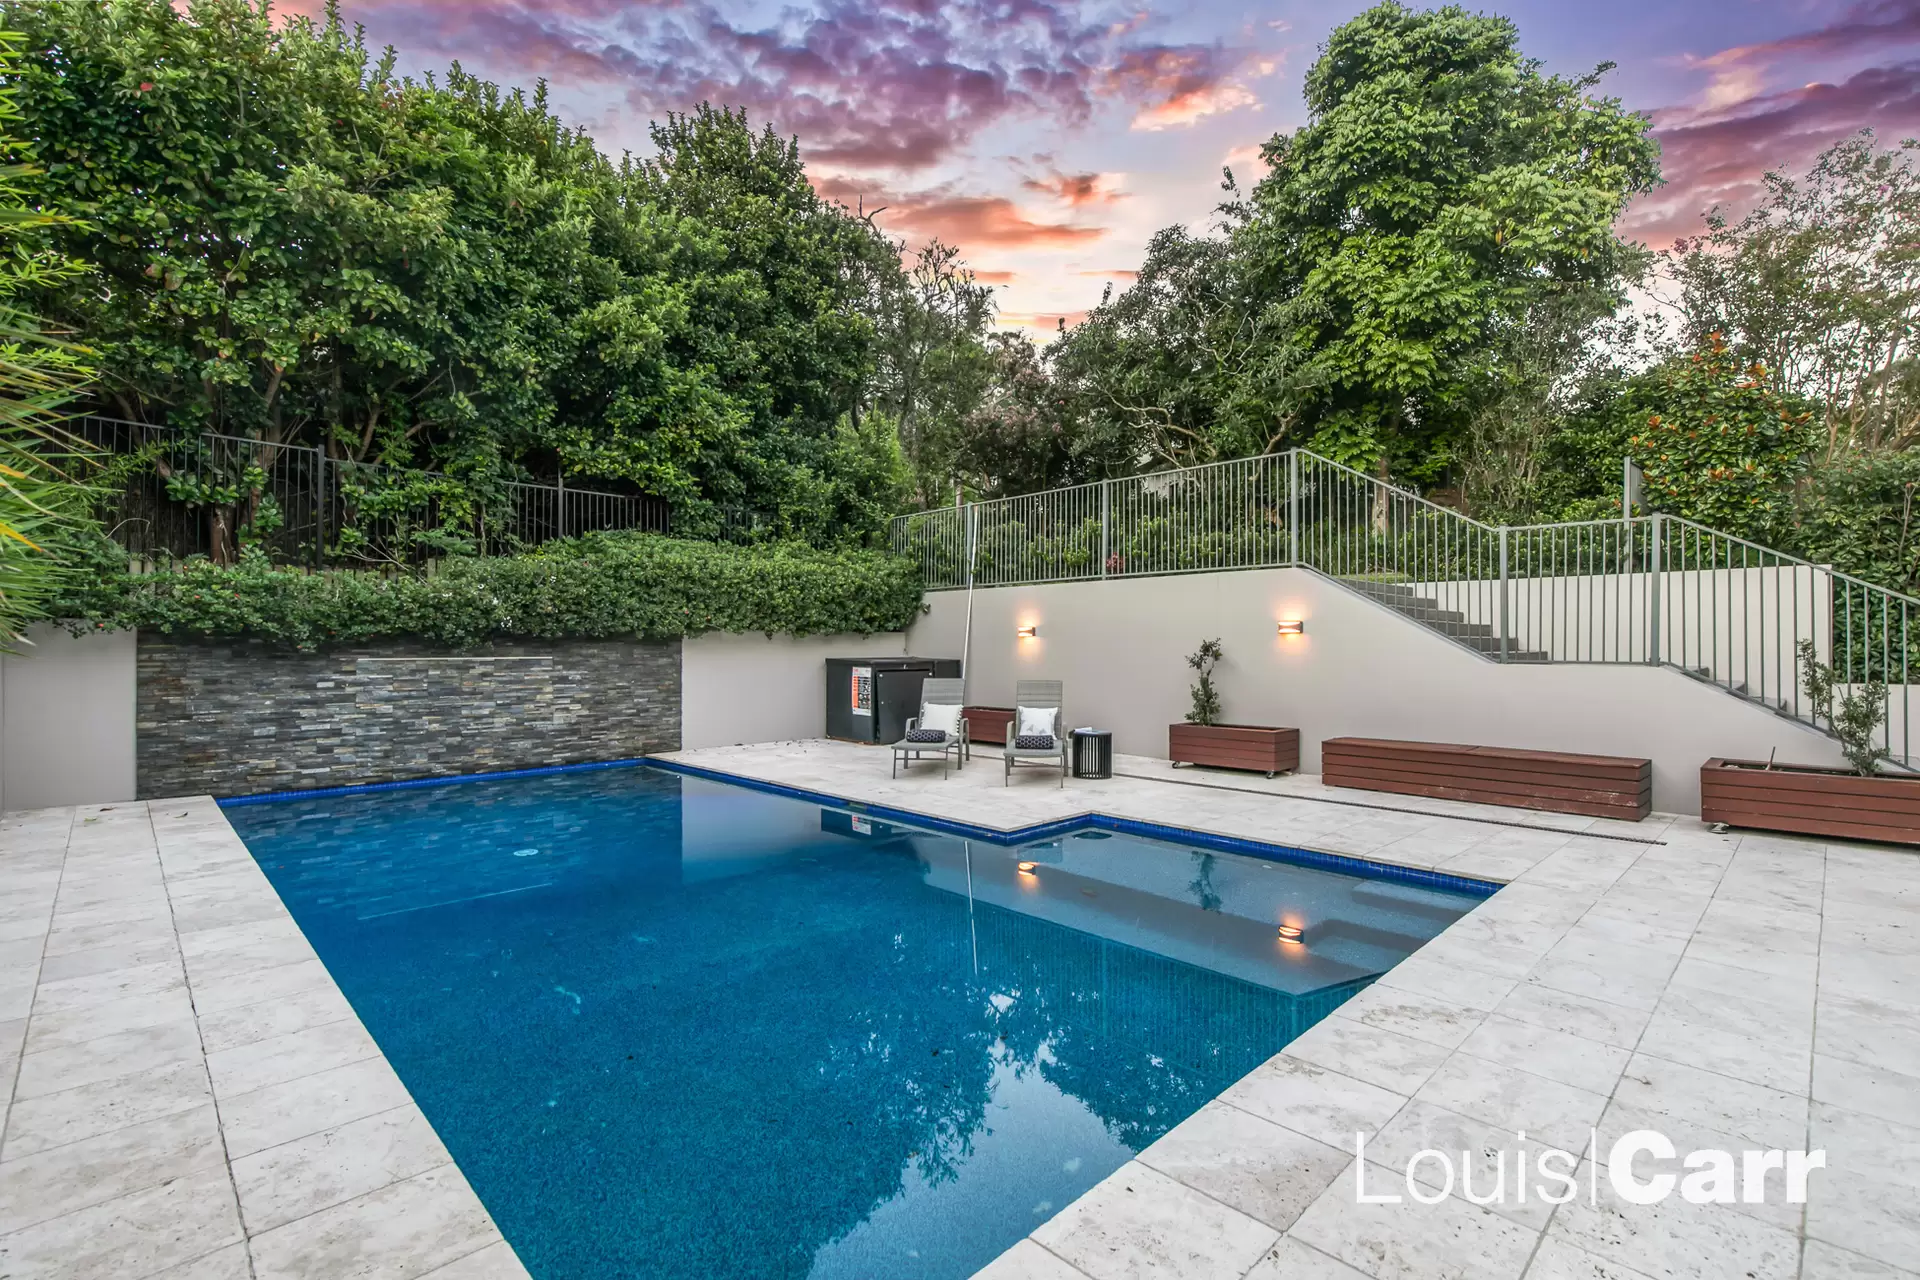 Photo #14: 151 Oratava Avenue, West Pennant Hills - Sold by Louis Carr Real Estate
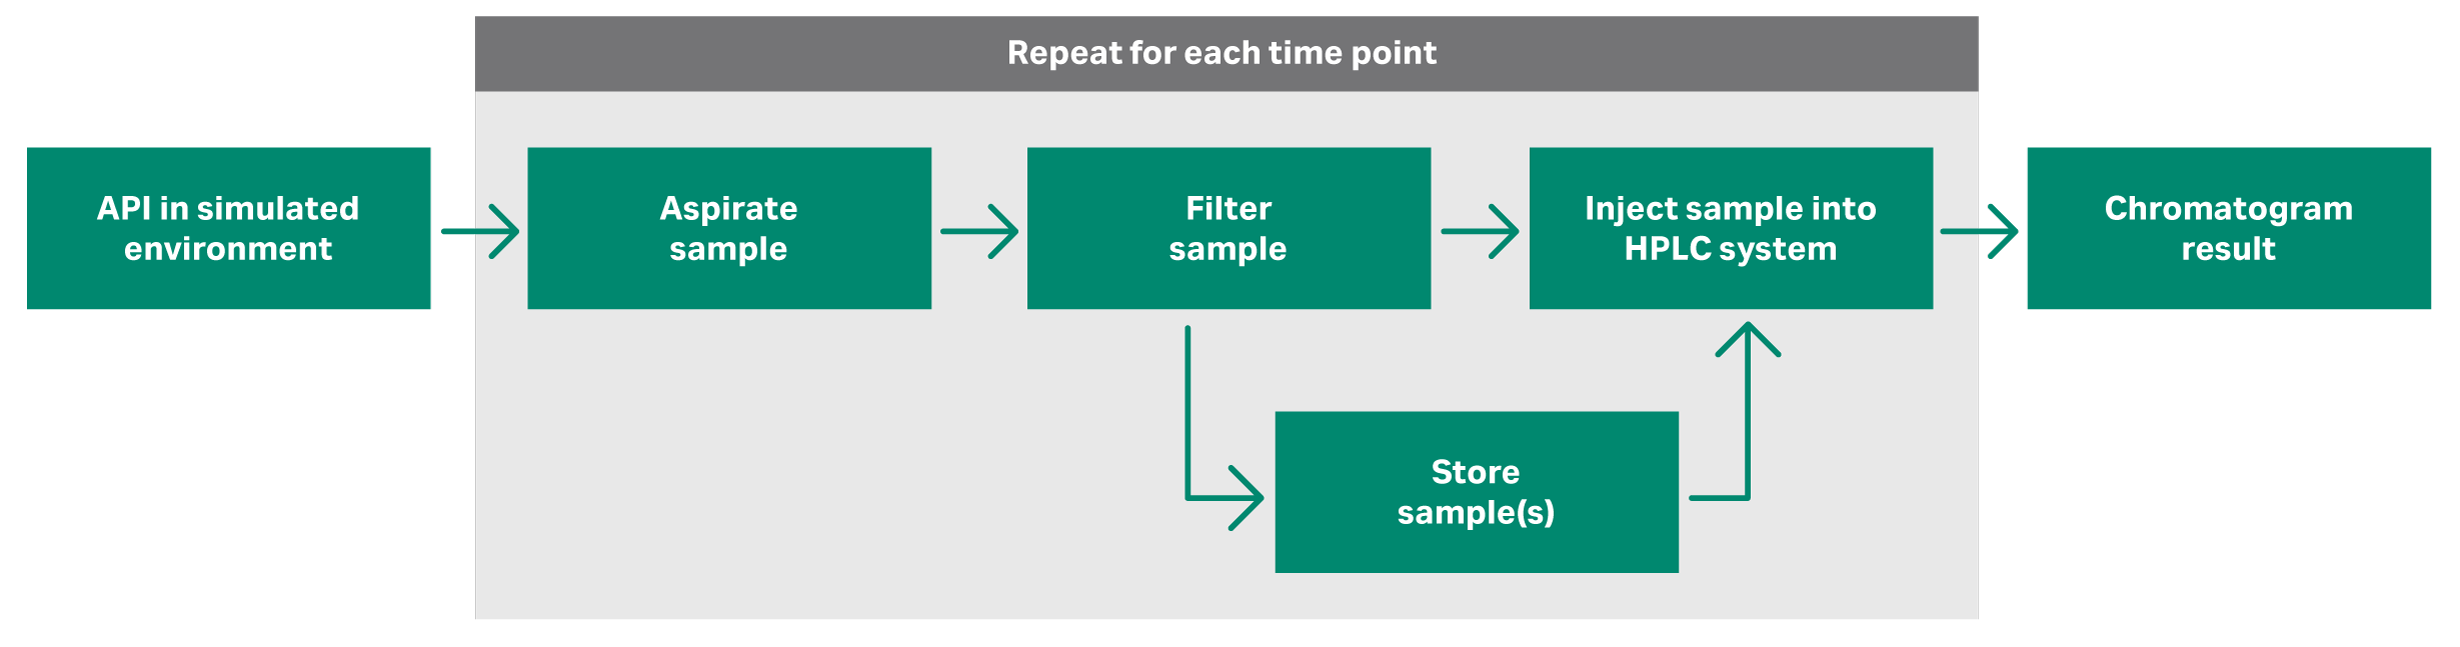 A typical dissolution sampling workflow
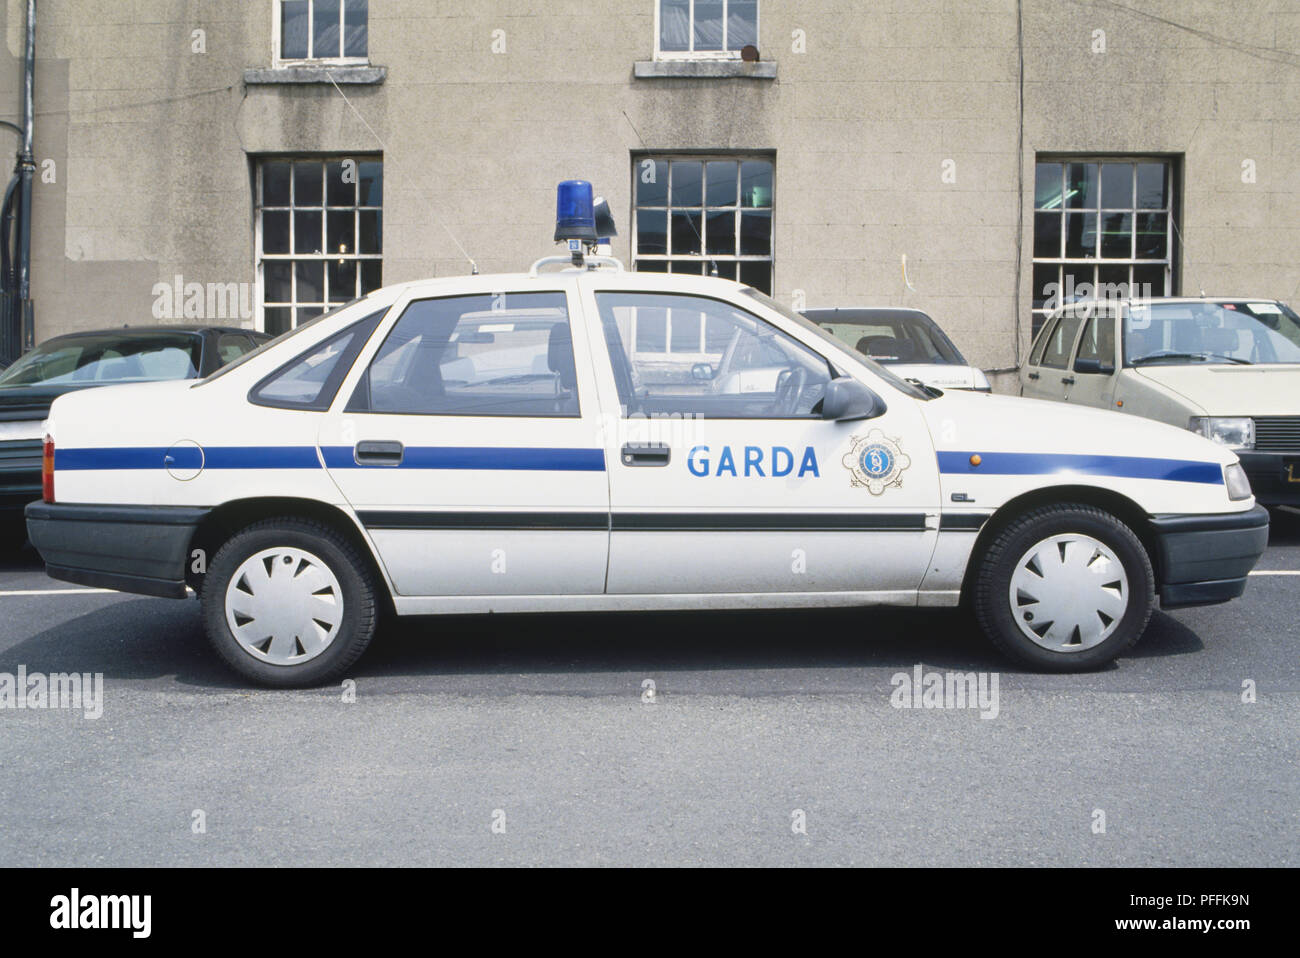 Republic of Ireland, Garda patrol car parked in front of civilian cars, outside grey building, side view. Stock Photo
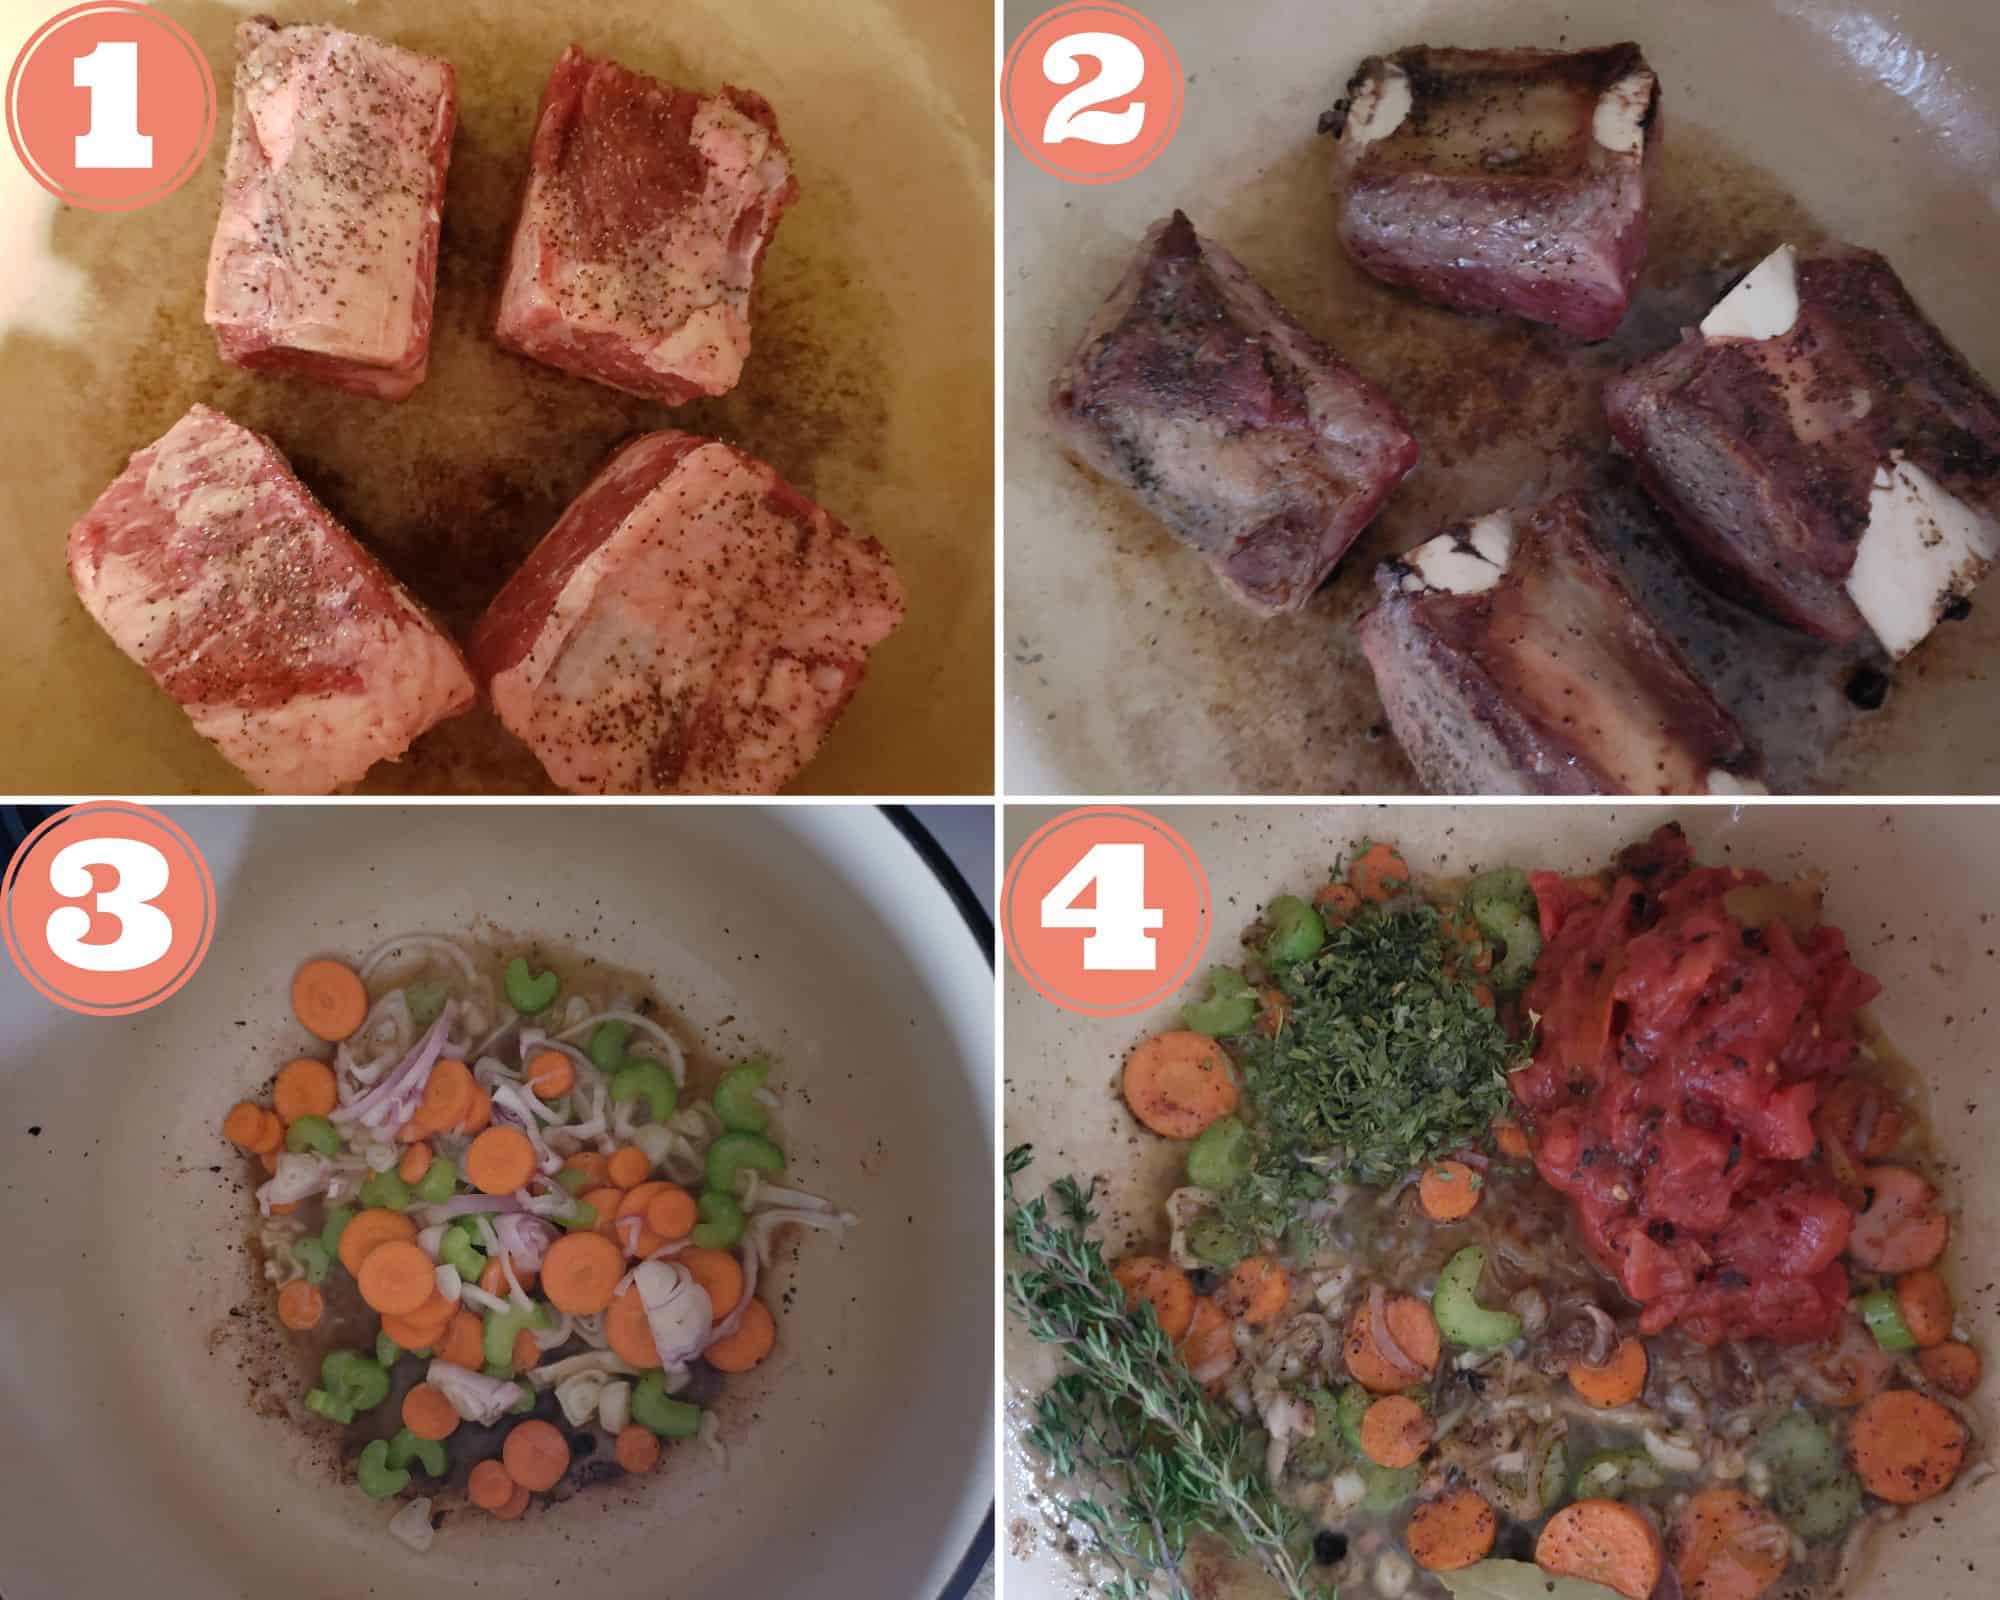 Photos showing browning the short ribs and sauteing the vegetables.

■ Exercise prompt: Give an exact copy of the listing, without its pictures.

■ Response:
 Photo #14: 151 Oratava Avenue, West Pennant Hills - Sold by Louis Carr Real Estate
 A typical dissolution sampling workflow
 Republic of Ireland, Garda patrol car parked in front of civilian cars, outside grey building, side view. Stock Photo
 Photos showing browning the short ribs and sauteing the vegetables.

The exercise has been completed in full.